The human genome complete sequencing project in 2003 revealed the enormous instruction manual necessary to define a human being. However, there are still many unanswered questions. There are few indications on where the functional elements are found in this manual. To explain how we develop, scientists will have to decode the entire network of biological complexes that regulate development.

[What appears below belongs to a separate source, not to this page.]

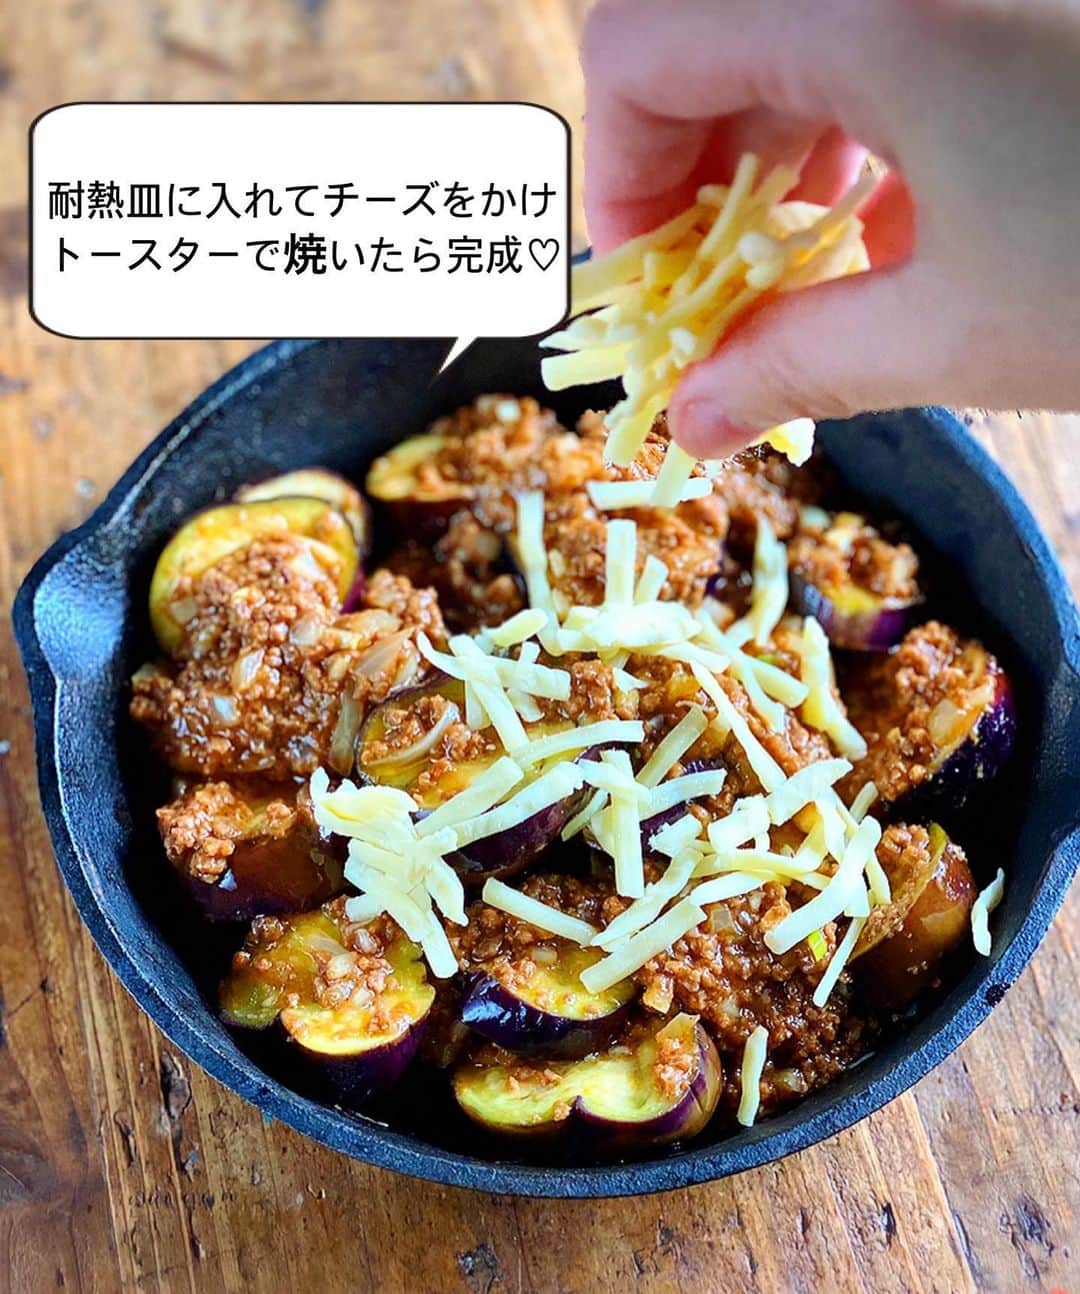 Mizuki【料理ブロガー・簡単レシピ】さんのインスタグラム写真 - (Mizuki【料理ブロガー・簡単レシピ】Instagram)「・﻿ 【レシピ】ーーーーーーーーーー﻿ ♡レンジ&トースターで♡﻿ なすミートソースのチーズ焼き﻿ ーーーーーーーーーーーーーーー﻿ ﻿ ﻿ ﻿ おはようございます(*^^*)﻿ ﻿ 今日ご紹介させていただくのは﻿ なすミートソースのチーズ焼き♡﻿ レンジ&トースターだけで作れて﻿ 見た目は豪華に仕上がりますよ〜♩﻿ (そこがミソ😂)﻿ ﻿ 作り方は超簡単(*´艸`)﻿ ミートソースはレンジで一発！﻿ あとはチーズをのせて﻿ トースターで焼いたらもう完成♡﻿ ﻿ これおすすめなので﻿ よかったらお試し下さいね(*^^*)﻿ ﻿ ﻿ ﻿ ーーーーーーーーーーーーーーーーーーーー﻿ 【2人分】﻿ なす...2本﻿ ●合びき肉...150g﻿ ●玉ねぎ(みじん切り)...1/4個﻿ ●ケチャップ...大3﻿ ●焼肉のたれ・ウスターソース...各大1﻿ ●コンソメ・薄力粉...各小1/2﻿ ピザ用チーズ...50g﻿ ﻿ 1.なすは1cm厚さの輪切りにし、水に3分晒して水気を切る。﻿ 2.耐熱ボウルに●を入れて混ぜ、なすをのせる。ふんわりラップし、600Wのレンジで6分加熱し、よく混ぜる。﻿ 3.耐熱皿に2を入れてチーズをのせ、トースターでチーズに焼き色が付くまで焼く。﻿ ーーーーーーーーーーーーーーーーーーーー﻿ ﻿ ﻿ ﻿ 《ポイント》﻿ ♦︎焼肉のたれは甘口〜辛口までどれでもOK♩﻿ ♦︎ウスターソースがなければ中濃ソースでも♩﻿ ﻿ ﻿ ﻿ ﻿ ﻿ ﻿ ﻿ ﻿ 【🎥YouTube更新しました🎥】﻿ (＊ハイライトから飛べます♩)﻿ ↓﻿ 🧁ホケミで！クッキー&クリームマフィン﻿ 🍳揉んで焼くだけ！やみつきチキン﻿ 🌭材料4つ！アメリカンドッグ﻿ ﻿ ﻿ ﻿ ﻿ ﻿ 5刷重版しました🔻﻿ 本当にありがとうございます🙇‍♀️﻿ ＿＿＿＿＿＿＿＿＿＿＿＿＿＿＿＿＿＿＿﻿ 📕\ \ 新刊発売中 / /📕﻿ 簡単・時短！ 毎日のごはんがラクになる﻿ ✨🦋 【 #Mizukiの今どき和食 】🦋✨﻿ ＿＿＿＿＿＿＿＿＿＿＿＿＿＿＿＿＿＿＿﻿ なるべく少ない材料で﻿ 手間も時間も省きながら﻿ 簡単にできるおいしい和食レシピ♩﻿ 簡単に失敗なくマスターできる一冊で﻿ もっと気軽に、カジュアルに﻿ 和食を楽しんで下さいね(*^^*)﻿ ＿＿＿＿＿＿＿＿＿＿＿＿＿＿＿＿＿＿＿﻿ ﻿ ﻿ ﻿ ＿＿＿＿＿＿＿＿＿＿＿＿＿＿＿＿＿﻿ 🎀5刷重版しました🎀﻿ 混ぜて焼くだけ。はじめてでも失敗しない！﻿ 【#ホットケーキミックスのお菓子 】﻿ ﻿ 一冊まるっとホケミスイーツ♩﻿ 普段のおやつから﻿ 特別な日にも使えるレシピを﻿ この一冊に詰め込みました(*^^*)﻿ ホットケーキミックスを使えば﻿ 簡単に本格的なお菓子が作れますよ♡﻿ ＿＿＿＿＿＿＿＿＿＿＿＿＿＿＿＿＿﻿ ﻿ ⭐️ストーリー、ハイライト、プロフ画面に﻿ 本のURLを貼らせていただいております♩﻿ →(@mizuki_31cafe )﻿ ﻿ ﻿ ﻿ ﻿ #レンジ#トースター#なす#ひき肉#ミートソース#チーズ焼き#うちで過ごそう#おうち時間#Mizuki#簡単レシピ#時短レシピ#節約レシピ#料理#レシピ#フーディーテーブル#マカロニメイト#おうちごはん#デリスタグラマー#料理好きな人と繋がりたい#おうちごはんlover#foodpic#follow#cooking#recipe#lin_stagrammer#stayhome#なすミートソースのチーズ焼きm」6月23日 7時01分 - mizuki_31cafe

One of the biggest challenges is to analyse the key proteins involved in the development of a human being, namely the proteins that bind to DNA. "If the genome provides the recipe to define a human being, the DNA proteins are the "chefs" that cook it", describes Herbert Auer, manager of the Functional Genomics Facility at the Institute for Research in Biomedicine (IRB Barcelona) and co-organizer, together with Erich Grotewold, at the Ohio State University, of the Barcelona Biomed Conference, "The DNA proteome". Invited by IRB Barcelona and the BBVA Foundation, twenty-one authorities in the field of genomics present their recent work on 20, 21 and 22 April at the "Institut d'Estudis Catalans", in Barcelona.
Thomas Gingeras, from Cold Spring Harbor, and Michael Snyder, from Yale University, both at US, explain today in press conference that "we are at an exciting time in Biology. As Herbert Auer suggests we are defining the instructions encoded in the genome. For instance, we can now relate that many mutations found outside the genes are in regulatory regions for genes. This was accomplished by identifying where the regulatory networks are located".
Gingeras and Snyder are both leading scientists involved in the ENCODE project – the consortium of the encyclopaedia of DNA elements -, the largest international study being performed today on discovering the functional elements of the human genome. In 2007, ENCODE provided the first surprising data on the elements that form our genome and on its regulation, breaking some of the classical ideas about what genes are like and how they are regulated. In addition, this project has provided a new perspective of "non-coding DNA", that is increasingly being seen as biological important but whose precise functions are still unknown.
Over the last decade, researchers have revealed a very large list of DNA proteins in humans, which amounts to approximately two thousand (there are still many to be discovered). These proteins include transcription factors, chromatin histones –responsible for packaging DNA in the nucleus of the cell -, and DNA repair and protective proteins; two thousand components with key functions in the genome, being responsible for preserving, reading and executing instructions from the manual.
Michael Snyder explains that one of the greatest challenges is elucidating the combination of transcription factors that regulate sets of genes, or the so called regulator code. Thousands of transcription factors work together in distinct combinations to regulate thousands of genes. "This combination is only beginning to be elucidated. For example, distinct combinations of three proteins were found to regulate cholesterol metabolism whereas other combination regulate other cellular processes".
The main challenge for researchers is to reveal how these proteins cooperate to perform functions in healthy cells and compare this with what happens in disease and cancer tissues. "Most diseases arise as a result of the incorrect functioning of DNA proteins. For example, cancer is always an error or an accumulation of errors in DNA caused by the improper work of proteins that should protect, repair or read it". According to Thomas Gingeras, determining the interactions and functions of DNA proteins will allow us to understand how many diseases develop, particularly cancer".
The technology that speeded up sequencing
To study the parallel activity of so many proteins through the genome, scientists require advanced modelling tools. These tools are associated with systems biology, which involves the "most fascinating" technology available in pioneering laboratories: Next Generation Sequencing, which was developed only three years ago. "Using this technology, we can get detailed maps of the protein complexes that act throughout the entire genome and we can detect those elements that are required in a precise moment for the gene to be expressed", explains Auer, expert in genomic technology at IRB Barcelona. The power of Next Generation Sequencing is reflected in the following: a single laboratory could obtain in two weeks the same results as the human genome project, "when this project needed ten years of work and the collaboration of hundreds of labs worldwide", emphasizes Auer, who applies this technology at IRB Barcelona.